Sterling has gained value on seven out of the top 10 currency destinations since last summer, according to M&S Money, which says holidaymakers are also picking destinations where a stronger pound will stretch their budgets further.
But using your debit and credit cards to pay for currency, flights, and holiday spending can wipe out all the gains you might make from being clever with your holiday buying.
Research from prepaid card specialist Caxton FX claims Britons will have wasted a staggering £160 million in debit or credit charges while holidaying abroad this year. Some 40% of holidaymakers opt to pay for goods in pounds when using their debit or credit card instead of the local currency, exposing themselves to poor exchange rates and extra charges of 4%.
More than one-quarter of the 18 to 24-year-olds surveyed (18% overall) admitted that they wouldn't know which currency to choose when given the option.
James Hickman, managing director of Caxton FX, said: "The number of people getting caught out by dynamic currency conversion (DCC) has actually increased in the past year. An extra 4% charge on every transaction could add up to some serious cash over the course of a holiday and some rather surprising bank statements upon return to the UK."
The research revealed some 15% of holidaymakers take the risk on local exchange rates, and change currency after they reach their destination, while 26% use their debit card overseas.
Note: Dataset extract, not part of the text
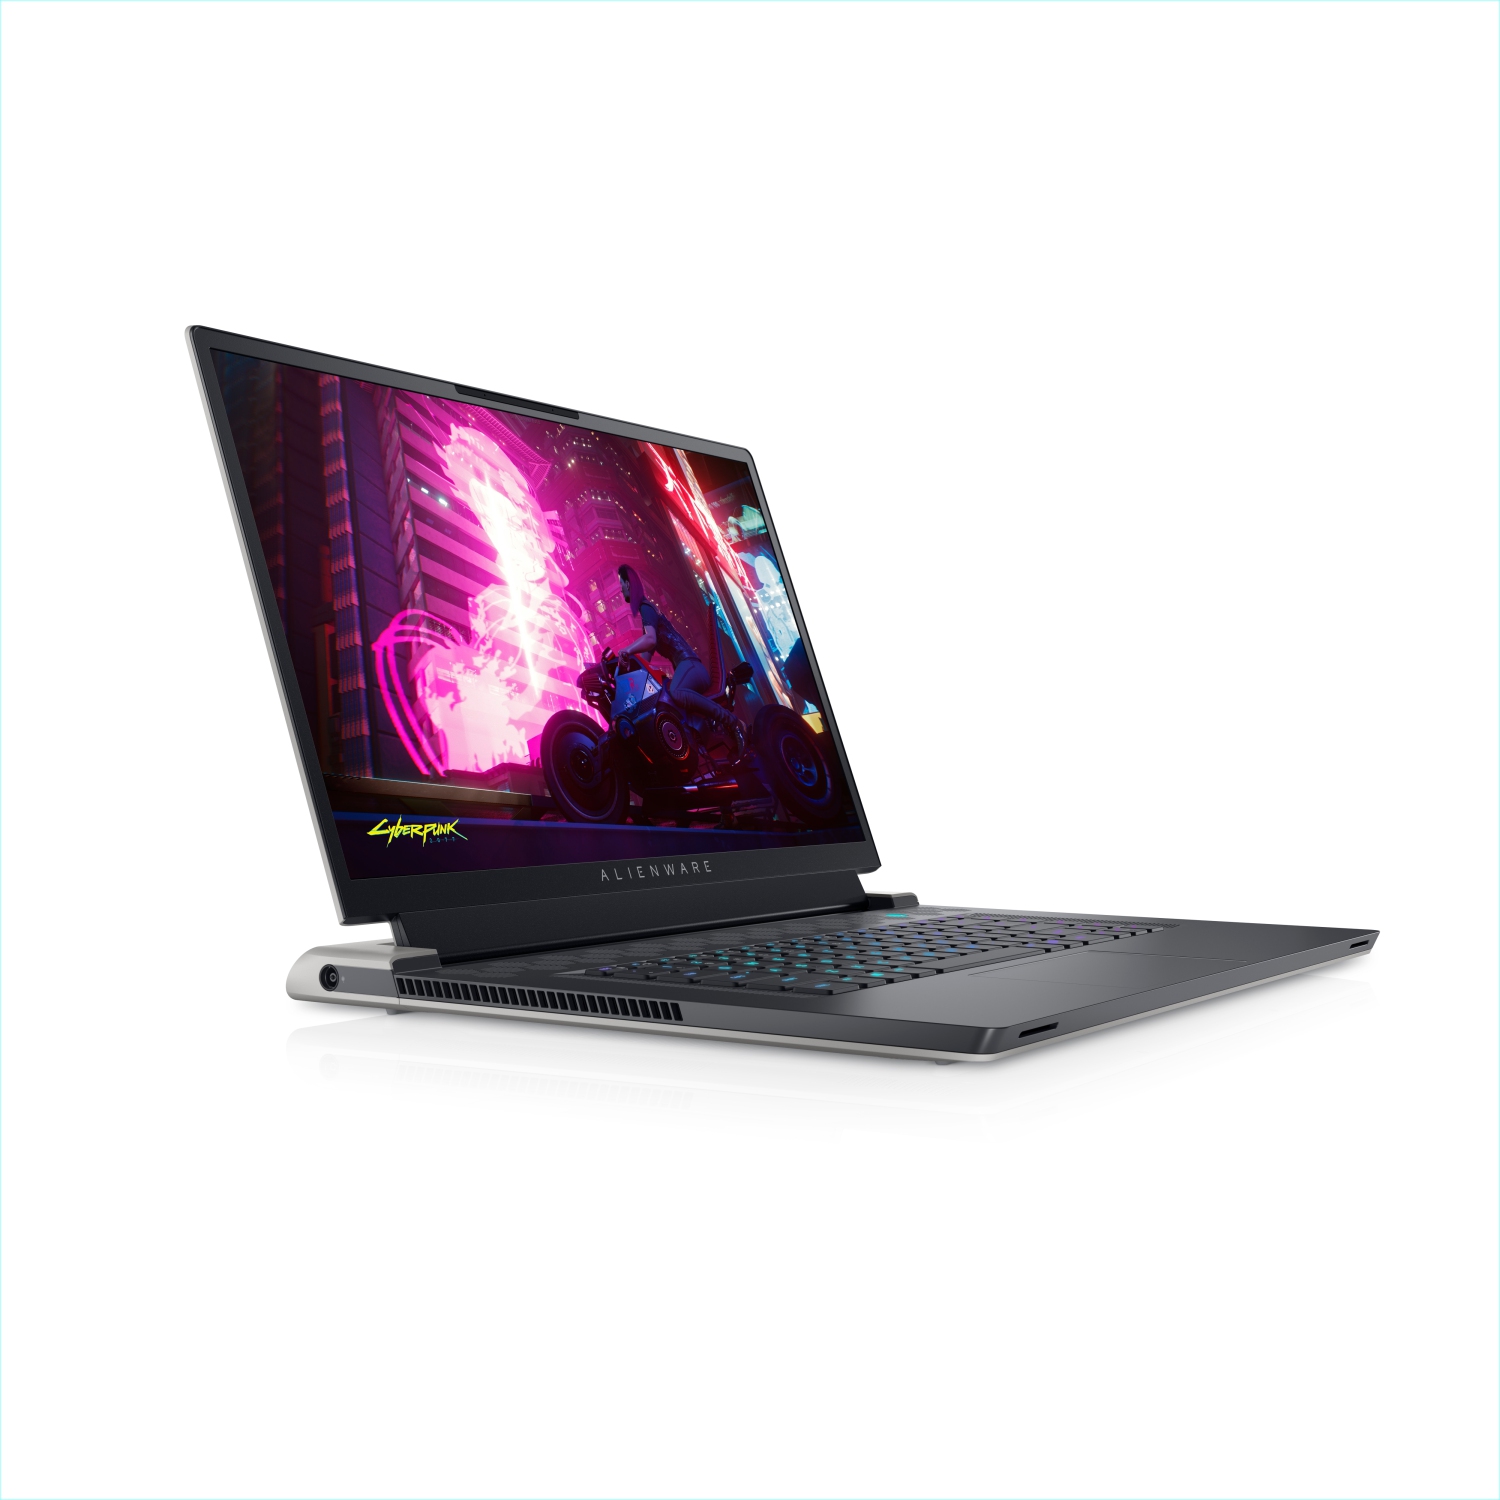 Refurbished (Excellent) – Alienware X17 R1 Gaming Laptop | 17.3" | Core i7 - - 64GB RAM - RTX 3070 | 8 Cores @ 4.6 GHz

Hickman said: "Using your debit card abroad could expose you to a charge from your bank on every transaction, on top of a less-than-favourable exchange rate. Additionally, using ATMs at the destination airport or changing money at your resort are some of the worst options for consumers. Usually, the exchange rate will be very poor and each withdrawal can cost upwards of £1.50."
He added: "Using a prepaid currency card will help ensure you get a good rate and allow you to budget more efficiently. However, if you do find you need to use your debit card abroad, make sure you're withdrawing large sums to avoid the flat fees per withdrawal."
The research also found 15% of adults are not confident enough in their maths skills to calculate how much they are spending in a foreign currency when abroad – with 10% of men admitting as much, compared to 20% of women.
The Post Office says sterling's surge against the euro has led to a 90% rise in the amount of money loaded onto the Post Office Travel Money Card, suggesting people are using prepaid cards to store cash well in advance of their trips. Money can be loaded onto the card online or at a branch, and it can be used as a debit card for up to three years.
Tom Johnson, head of currency provider ICE Direct, says: "The beauty of the prepaid currency card is that you can lock in the rate at the time of loading and this will apply to all transactions. You can also top it up easily while away."
Using a credit card to buy your foreign currency, or to withdraw cash overseas, is an expensive option. There is no interest-free credit period, so interest starts to accrue from the date of the transaction. Interest will typically be 23% to 28%, compared with 16% to 19% for purchases. Foreign cash machine withdrawals will normally incur a withdrawal fee of £3.
The Marks & Spencer credit card, however, does not treat the purchase of travellers cheques or foreign currency from its own stores as a cash transaction.
A handful of cards – from the Co-operative Bank (Fixed Rate), Halifax (Clarity) and Capital One (OneRate) do have low rates for cash advances as well as purchases, but these cards' other features need to be considered too.
Paying for goods and services with your credit card on holiday is different. You will have the usual credit-free period and will be covered if there is something wrong with your purchase that the supplier won't put right, providing it costs between £100 and £30,000. Credit cards do tend to offer a competitive exchange rate – but they will make their profit on the foreign usage charge of up to 3%.
Cards that do not charge fees for foreign usage include Halifax Clarity, the Post Office and Saga (for the over-50s). Nationwide also offers a fee-free card, but only for current account holders who pay in at least £750 a month – and then they throw in European travel insurance too.